The point is not "extinguishing" Linux per se, it's achieving enough lock-in that only Linux that Microsoft customers can use is WSL.
WSL is not a Linux. It is a Windows subsystem for running Linux userlands. (Almost as if the WSL name isn't totally nonsense!)
The "default" is Ubuntu. But Debian is supported, OpenSUSE is supported, Kali is supported. Unsupported but available, you can get Alpine, CentOS, Fedora, Arch, lots of distros.
That was WSL1, WSL2 is a micro-vm running the Linux kernel and whatever userland you want. Ubuntu is just the most advertised one, but all are equally unsupported by MSFT, support is provided by the distro "vendor"

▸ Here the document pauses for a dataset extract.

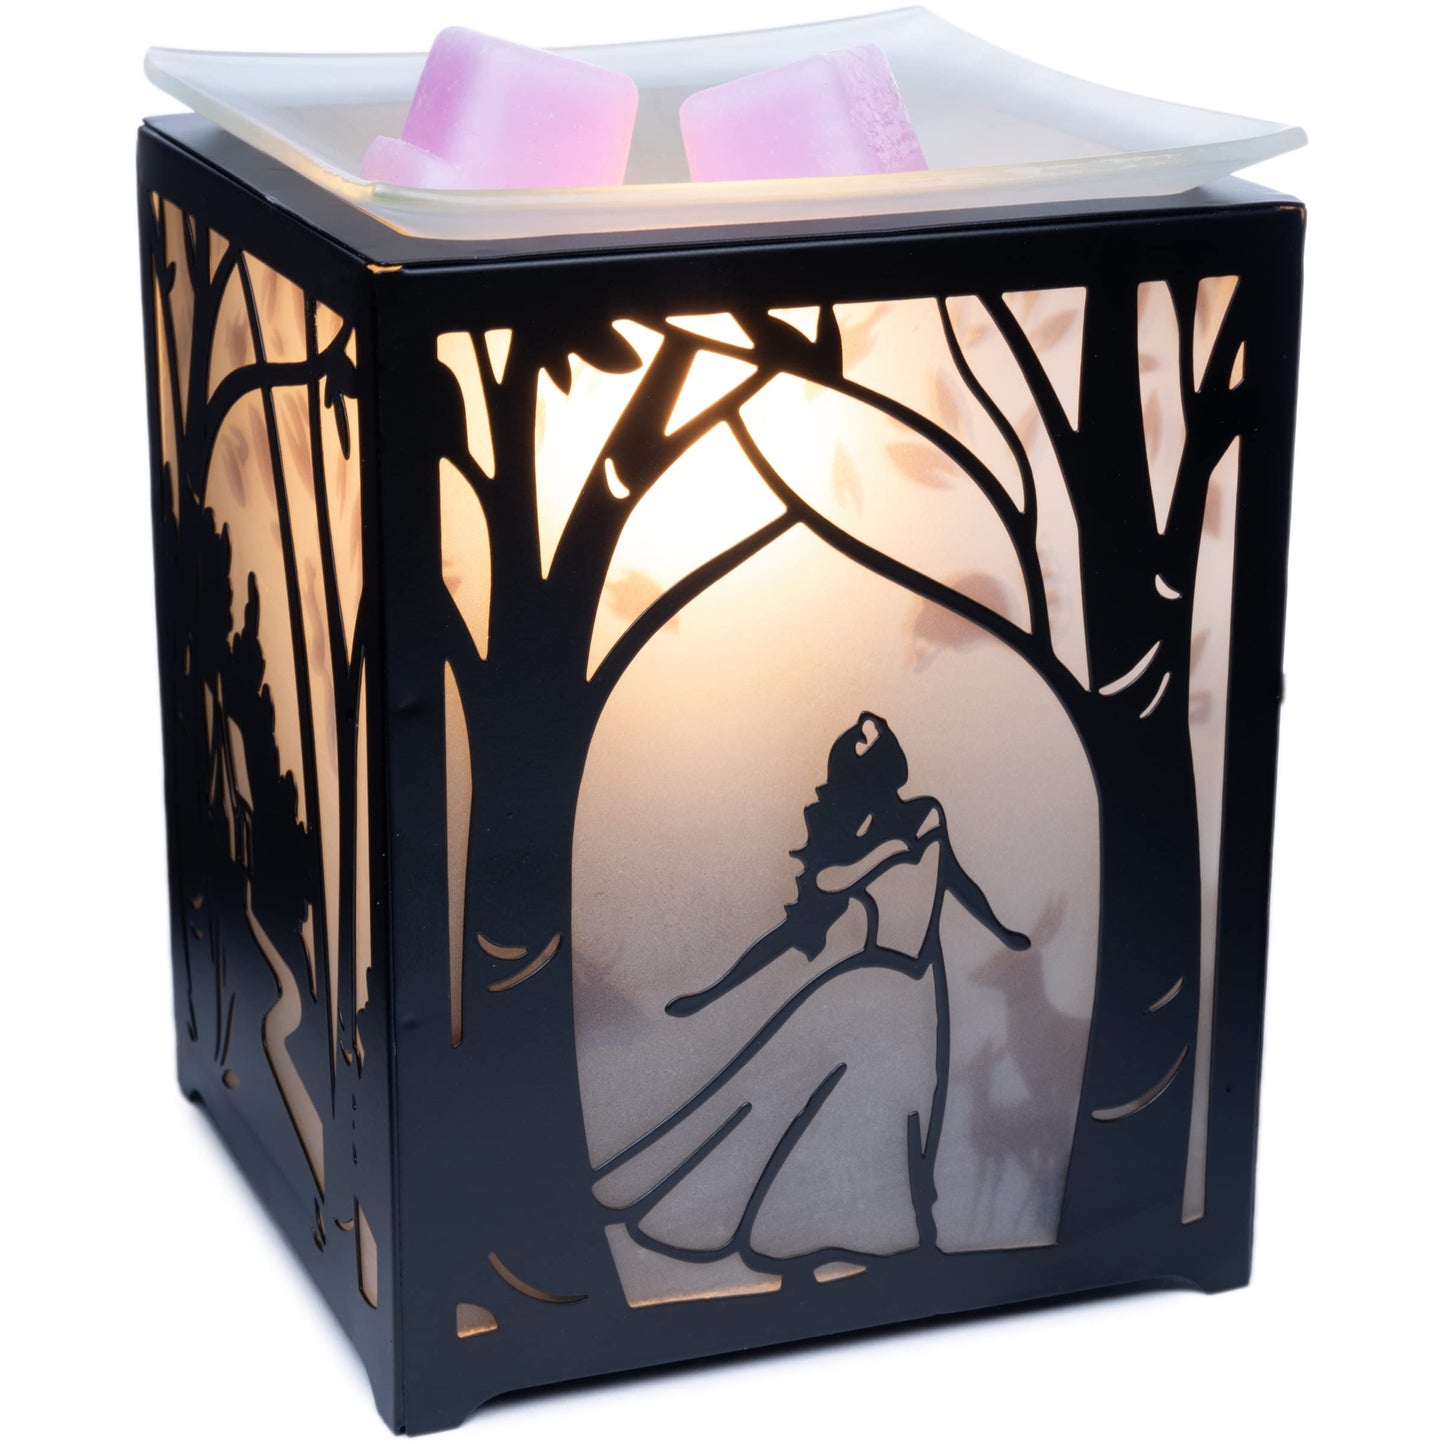 Scentsationals Fantasy Collection - Scented Wax Warmer - Fantasy Wax Cube Melter & Burner - Electric Winter Fragrance Home Air Freshener Gift (Never Grow Up)
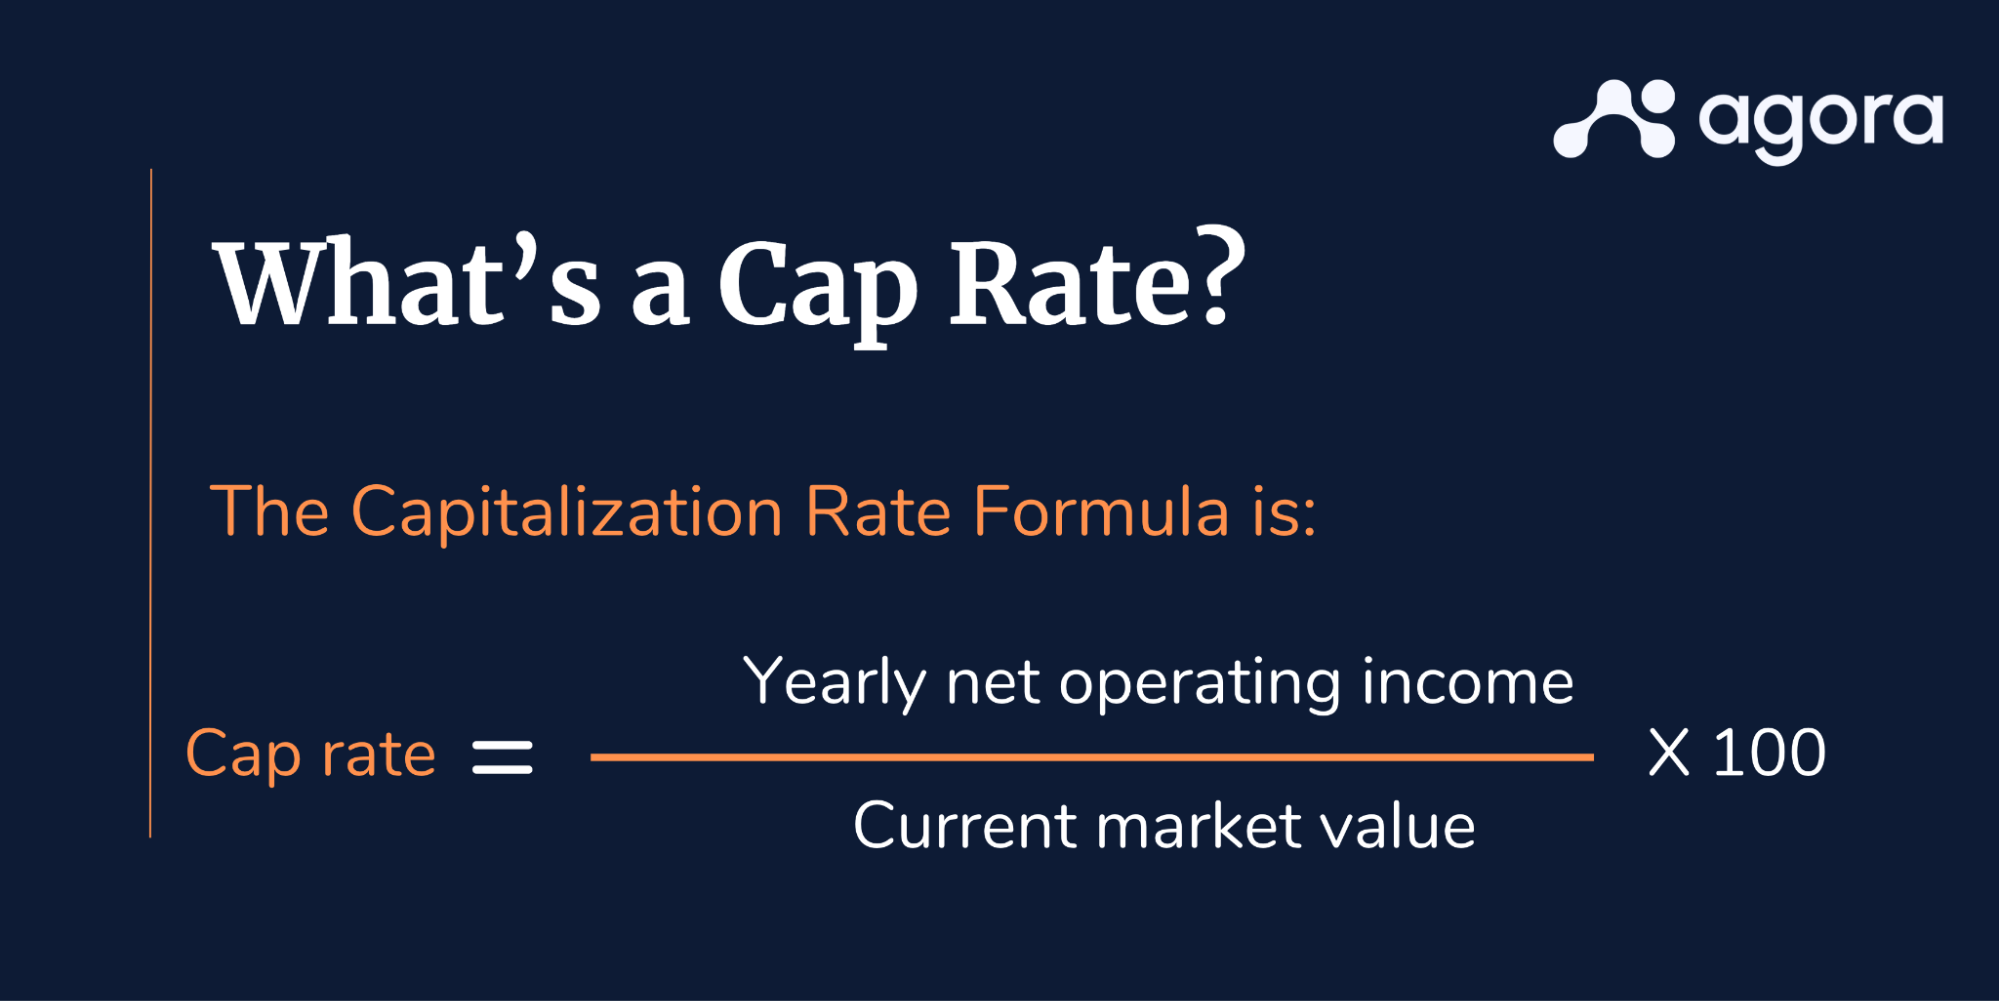 What's a cap rate?

By "supported" I mean "available in the Windows Store." I believe that those are submitted by the distro vendors themselves.
And from a lock-in perspective, the userland is all that matters, yeah? If an app runs on Ubuntu, whether it's WSL 2 or in Docker or in a a VM or on bare metal. If it's all the same, then it's not a Microsoft Linux, it's just Ubuntu. Or whatever Linux you want.
You could say that WSL is not a GNU/Linux. But since WSL comes with its own kernel, part of it is definitely a Microsoft-extended flavor of the Linux kernel.
Even if this driver went upstream, it wouldn't be any less tied to the WSL virtualization platform.
The only part they're upstreaming is some ioctls to send opaque blobs from closed-source binaries on the Linux side to closed-source binaries on the Windows side.
Well, they have so far: 1) embraced Linux. 2) extended it with proprietary functionality (Windows living outside WSL), and now what is next?
How is this not the same?
Of course, the MS employee will downvote me automatically, the VS code users will downvote me too, and I will lose 5 karma for saying the truth.